*** Available data ***

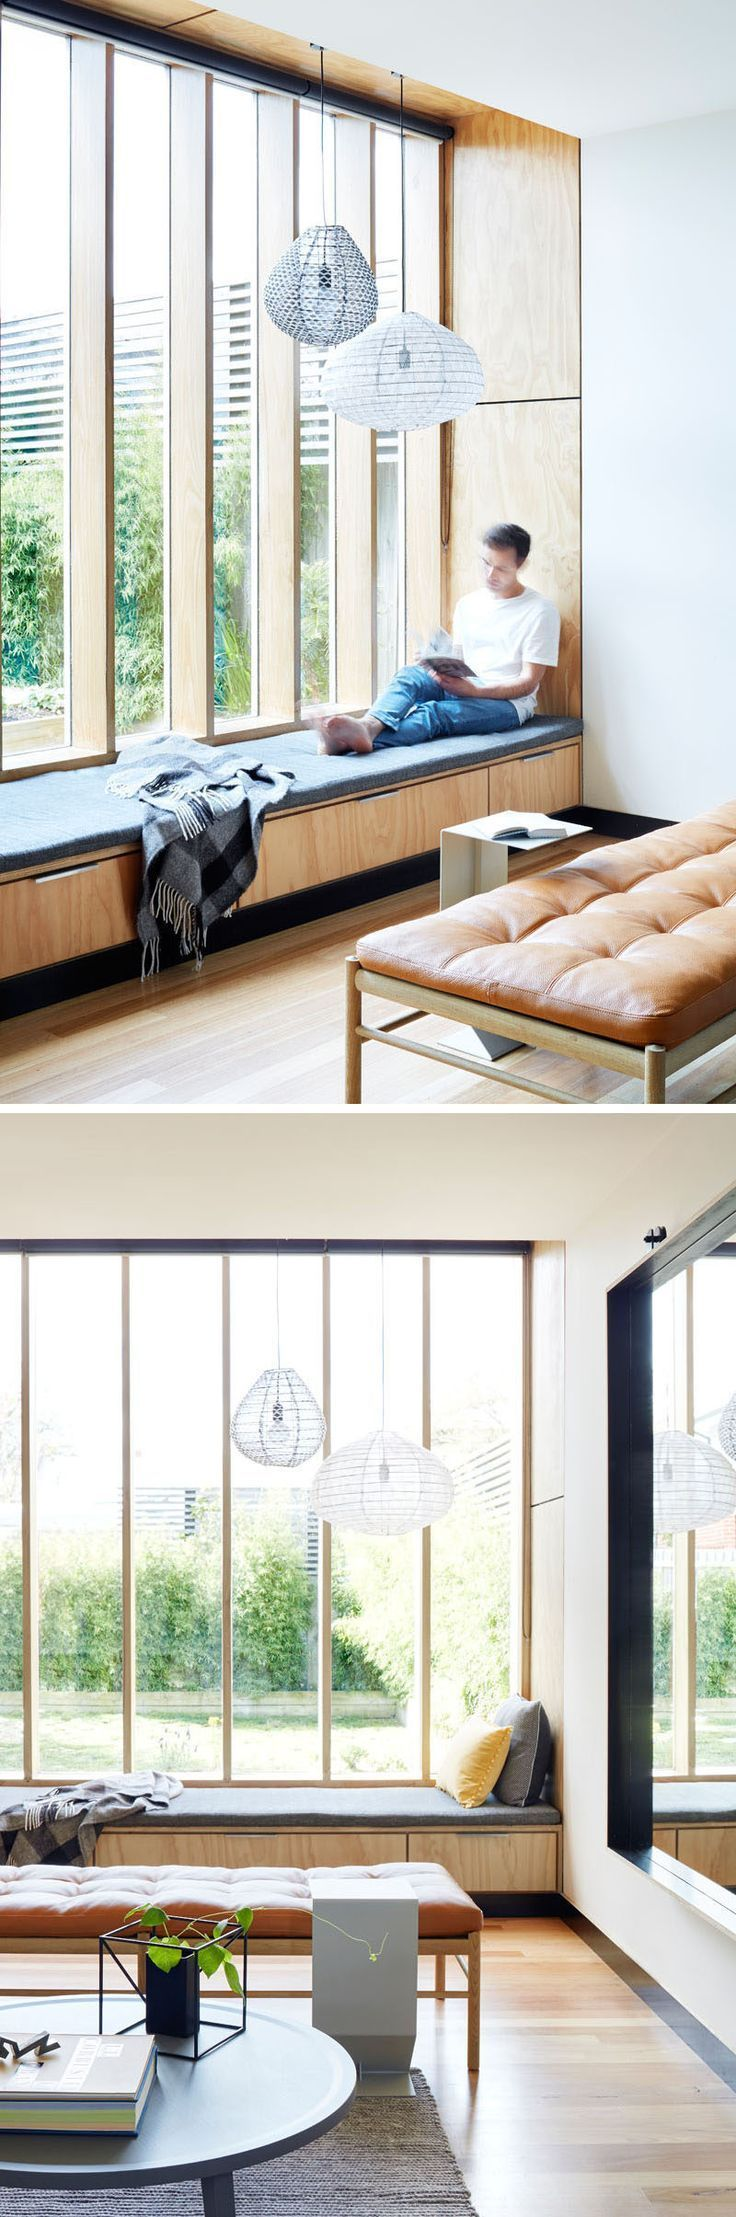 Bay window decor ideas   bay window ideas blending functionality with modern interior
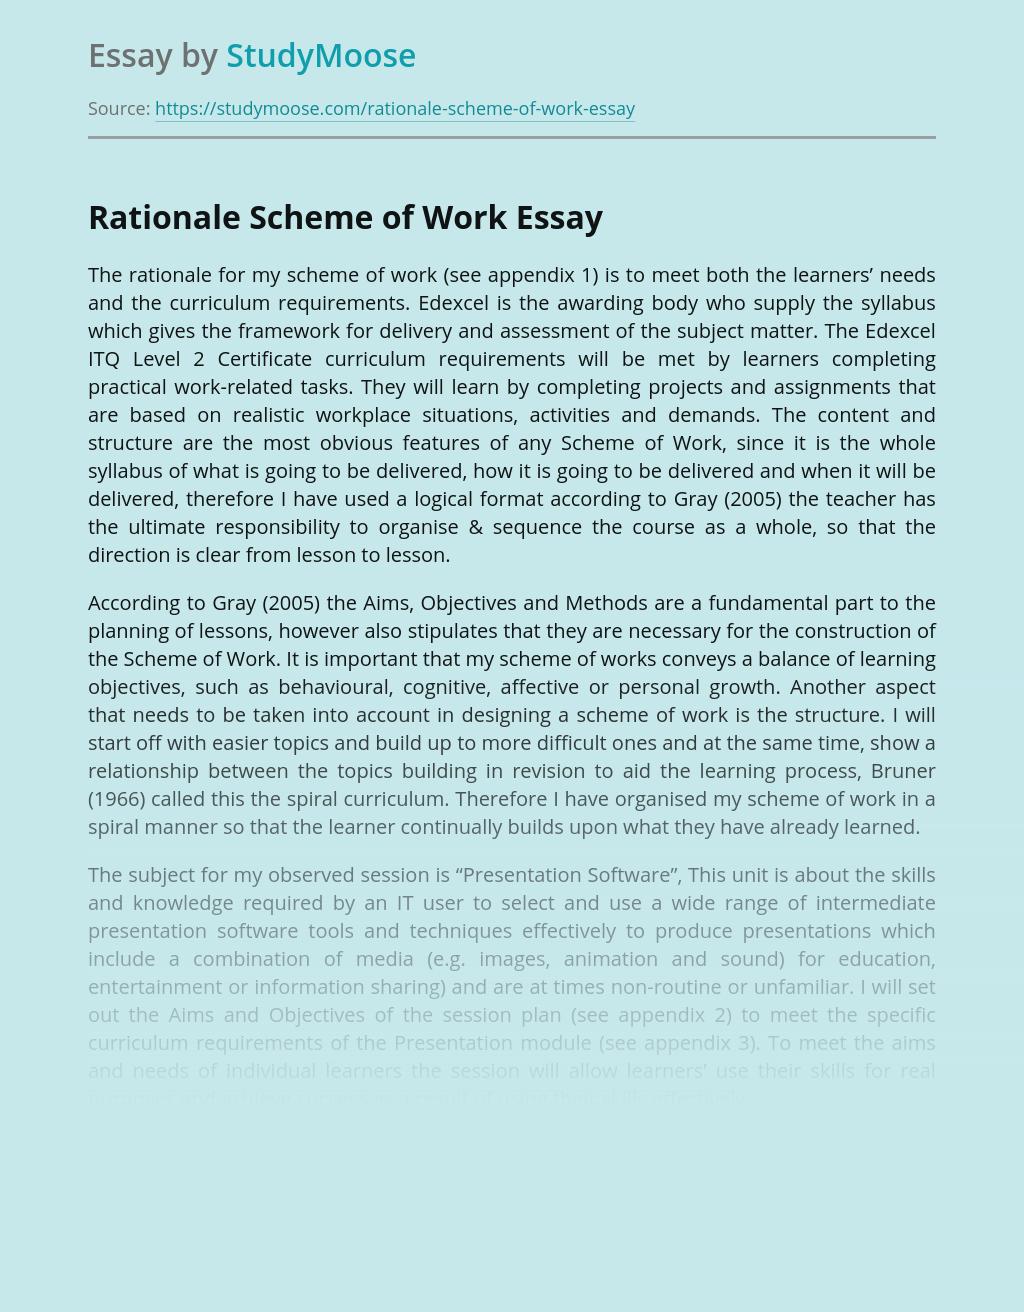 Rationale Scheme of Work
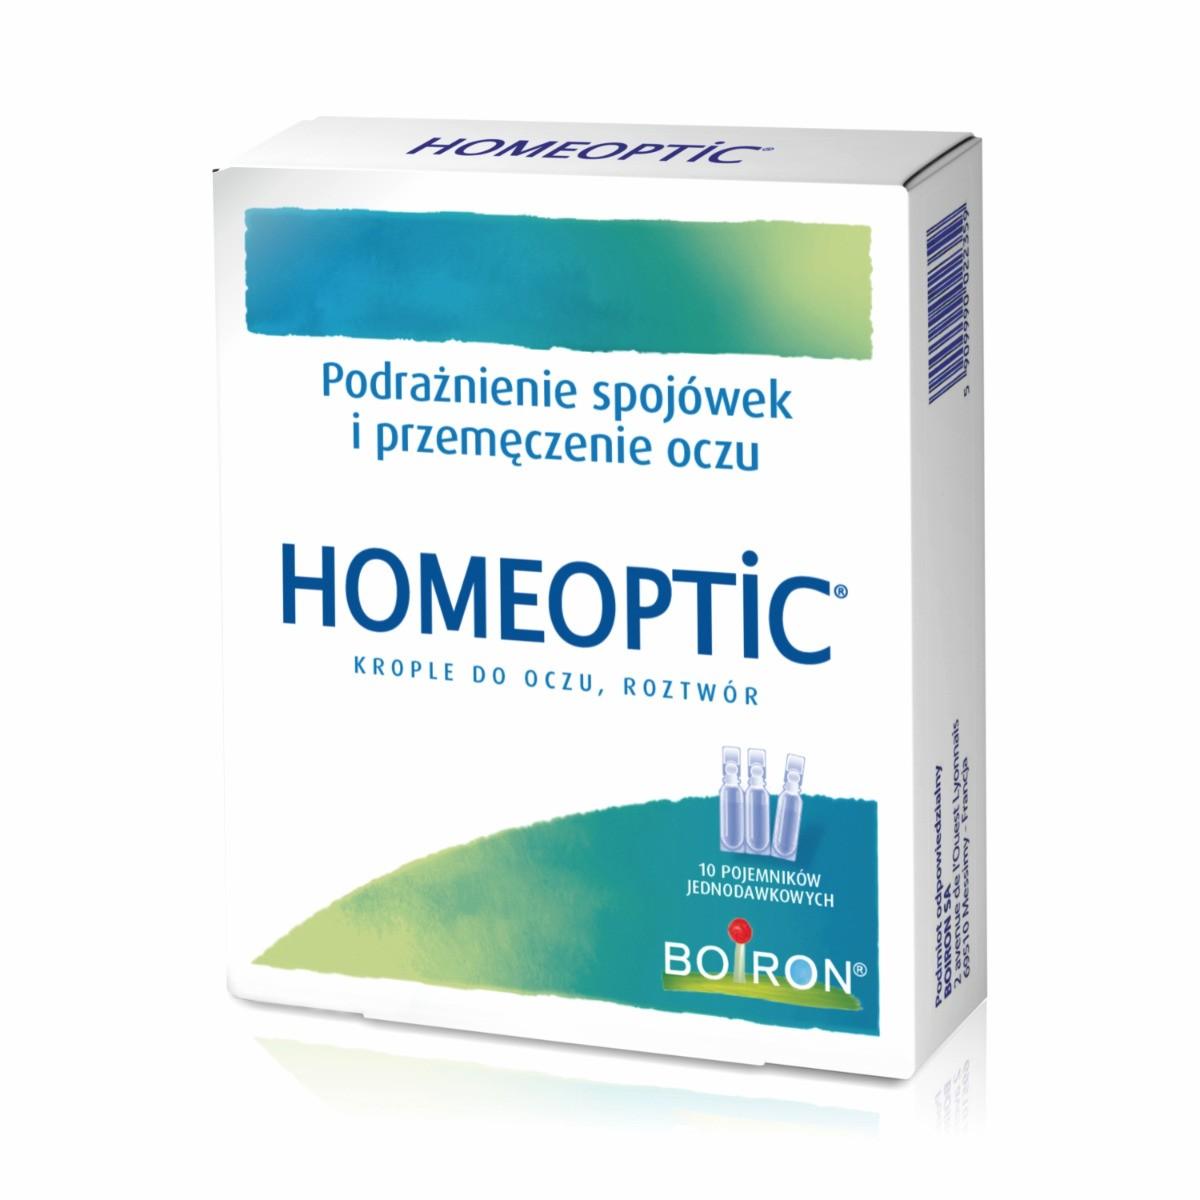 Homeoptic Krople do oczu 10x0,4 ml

*** End of Available data ***

■ What is required
The answer must be the full listing, word for word, with no images in it.

■ Output of the exercise
 Bay window decor ideas   bay window ideas blending functionality with modern interior
 Rationale Scheme of Work
 Homeoptic Krople do oczu 10x0,4 ml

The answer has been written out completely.